10.3390/rs10122021 ◽

2018 ◽

Vol 10 (12) ◽

pp. 2021 ◽

Cited By ~ 17

Author(s):

Xinpeng Tian ◽

Qiang Liu ◽

Xiuhong Li ◽

Jing Wei

Keyword(s):

Optical Properties ◽

Urban Areas ◽

Surface Characteristics ◽

Complex Surface ◽

Deep Blue ◽

Spatial Coverage ◽

Moderate Resolution ◽

Moderate Resolution Imaging Spectroradiometer ◽

Beijing China ◽

Better Than

The operational Moderate Resolution Imaging Spectroradiometer (MODIS) Aerosol Products (APs) have provided long-term and wide-spatial-coverage aerosol optical properties across the globe, such as aerosol optical depth (AOD). However, the performance of the latest Collection 6.1 (C6.1) of MODIS APs is still unclear over urban areas that feature complex surface characteristics and aerosol models.
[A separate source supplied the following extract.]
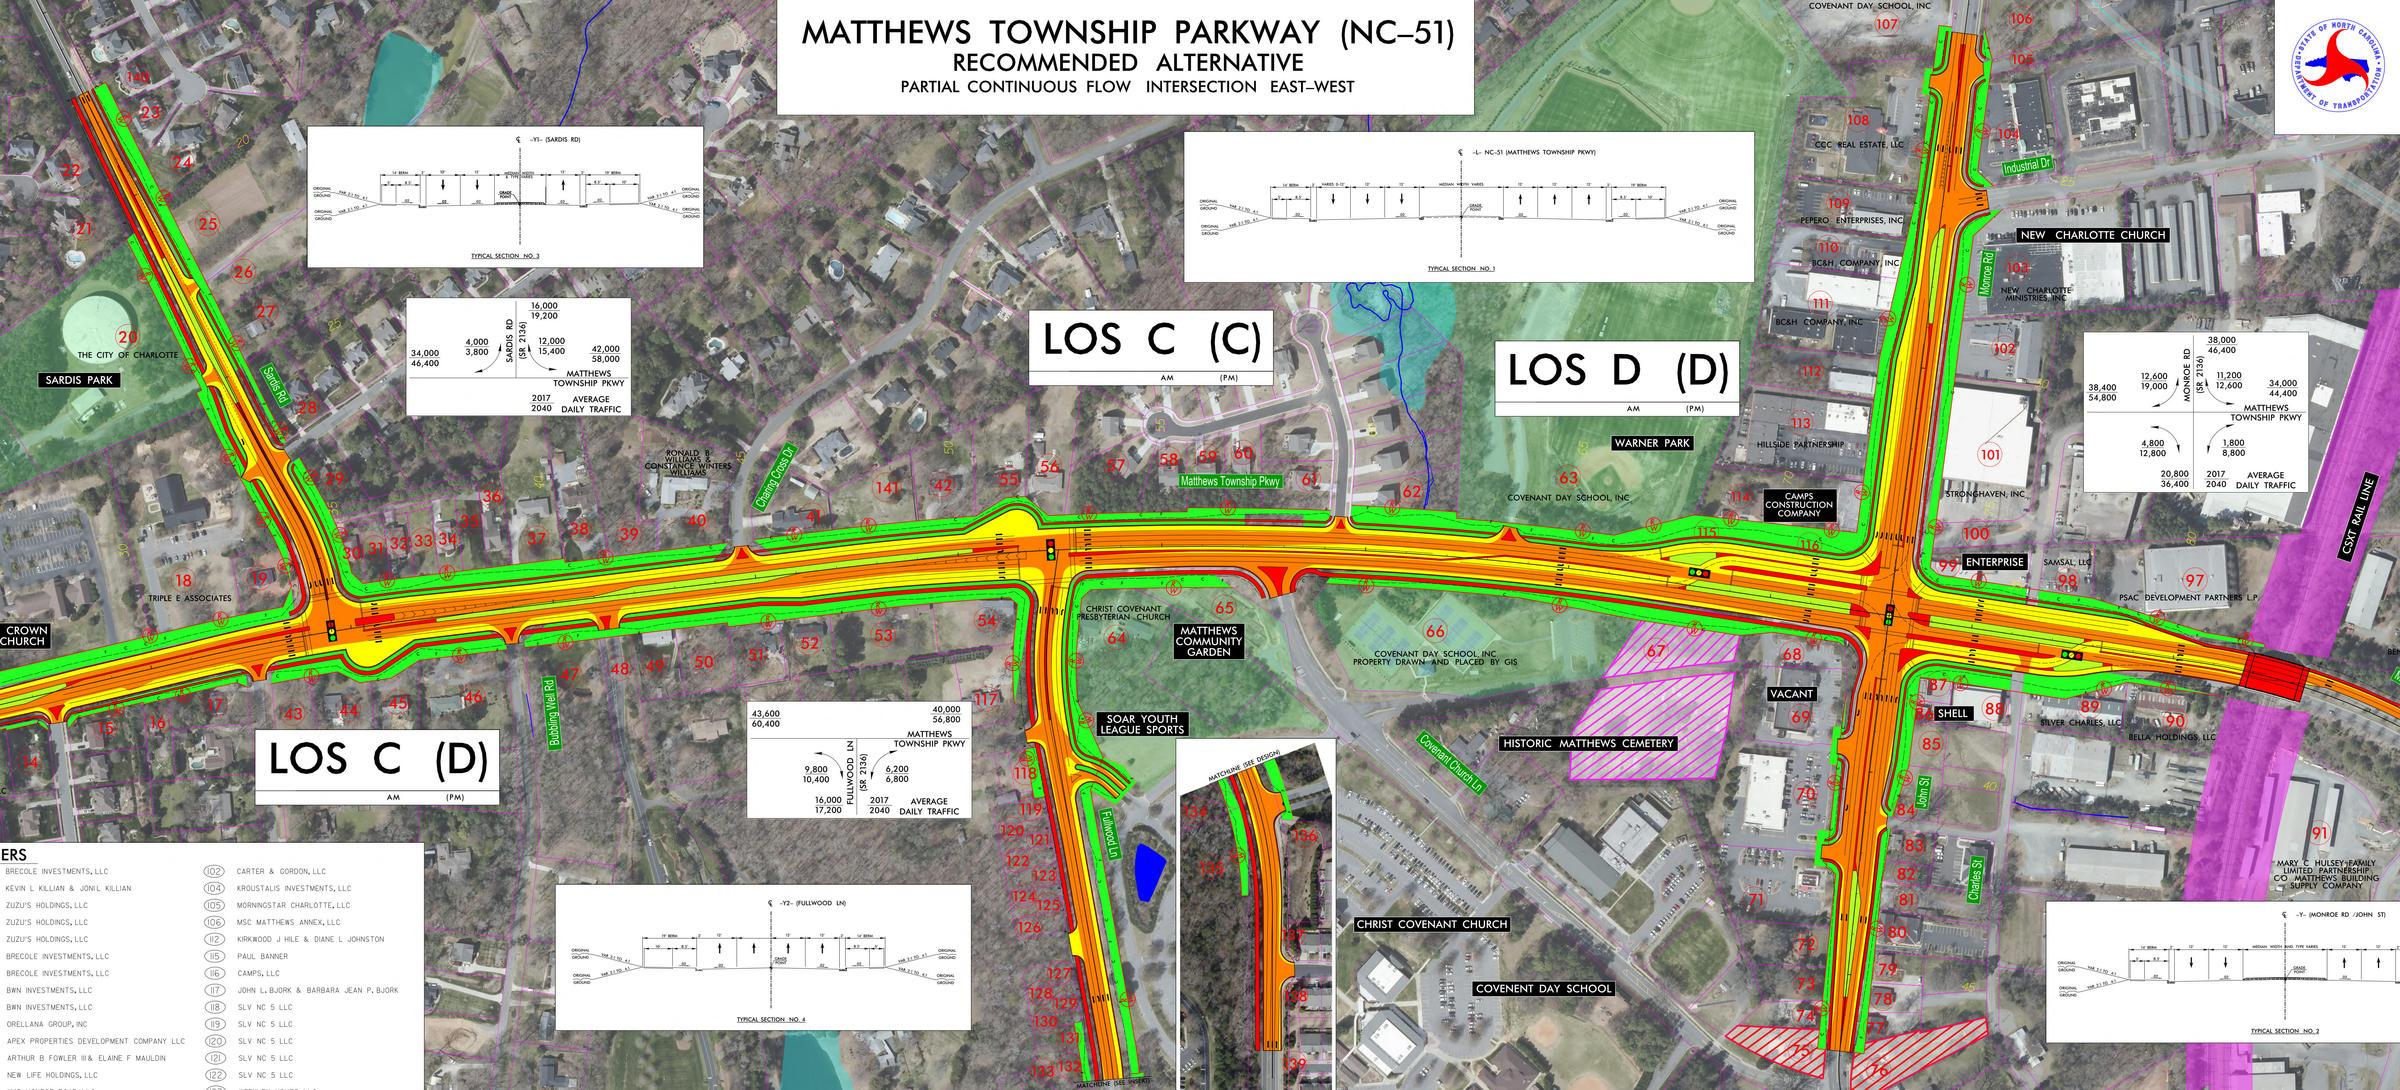 Widening Bicycle Lanes Planned On Highway 51 In Matthews Wfae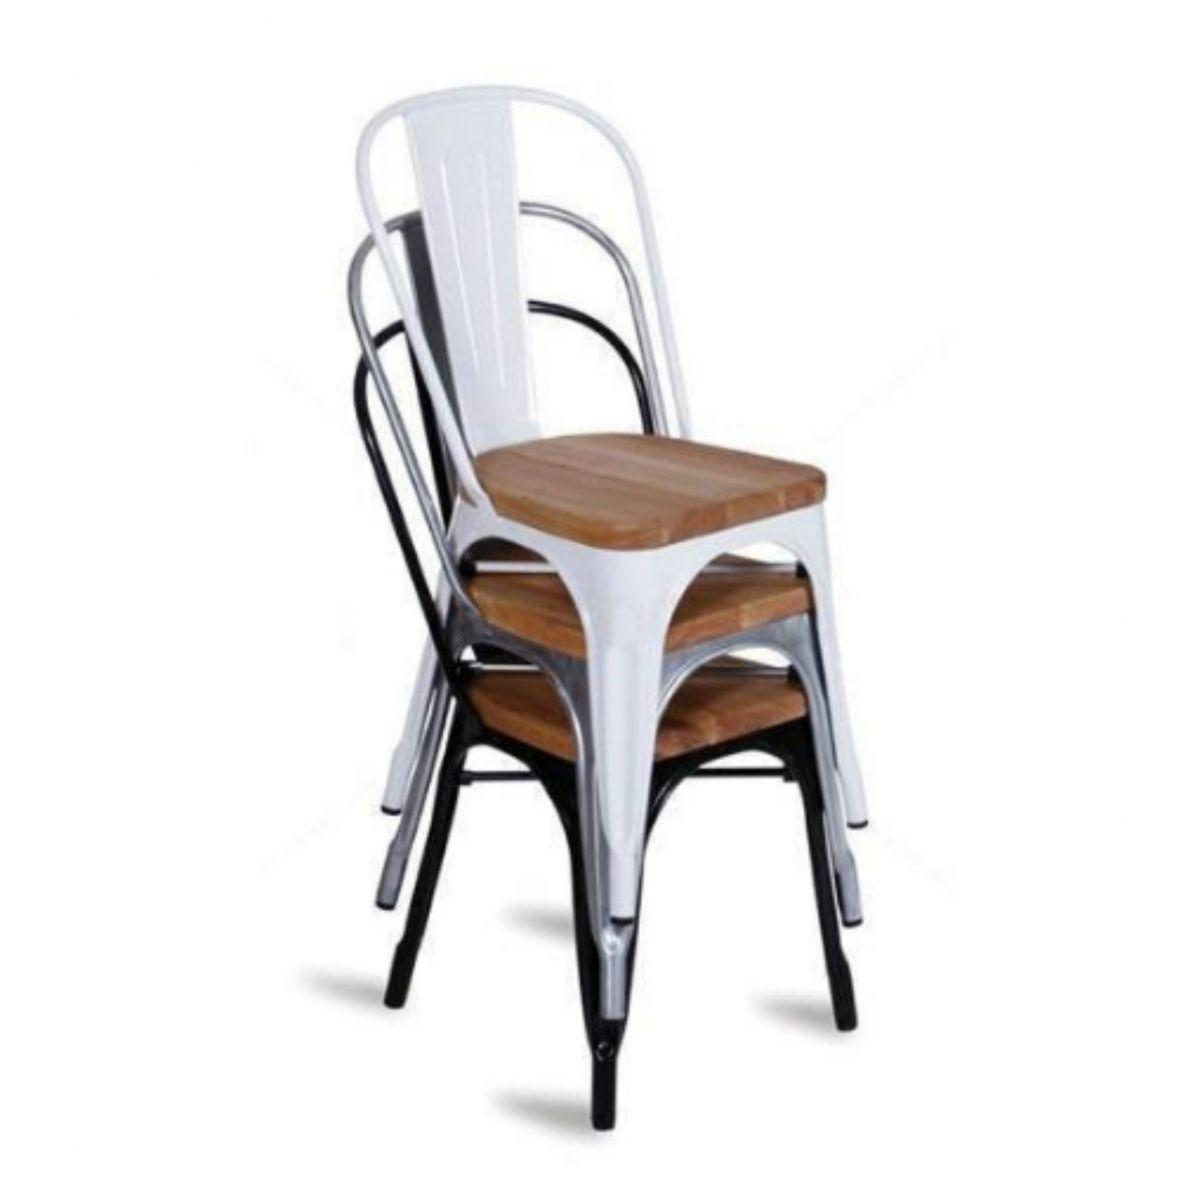 Kit 2 Cadeiras Design Tolix Metal Assento em Madeira Pelegrin PEL-1520

The aim of this study was to validate and compare the performance of the MODIS C6.1 and C6 APs (MxD04, x = O for Terra, x = Y for Aqua) over Beijing, China. The results of the Dark Target (DT) and Deep Blue (DB) algorithms were validated against Aerosol Robotic Network (AERONET) ground-based observations at local sites. The retrieval uncertainties and accuracies were evaluated using the expected error (EE: ±0.05 + 15%) and the root-mean-square error (RMSE). It was found that the MODIS C6.1 DT products performed better than the C6 DT products, with a greater percentage (by about 13%–14%) of the retrievals falling within the EE. However, the DT retrievals collected from two collections were significantly overestimated in the Beijing region, with more than 64% and 48% of the samples falling above the EE for the Terra and Aqua satellites, respectively. The MODIS C6.1 DB products performed similarly to the C6 DB products, with 70%–73% of the retrievals matching within the EE and estimation uncertainties. Moreover, the DB algorithm performed much better than DT algorithm over urban areas, especially in winter where abundant missing pixels were found in DT products. To investigate the effects of factors on AOD retrievals, the variability in the assumed surface reflectance and the main optical properties applied in DT and DB algorithms are also analyzed.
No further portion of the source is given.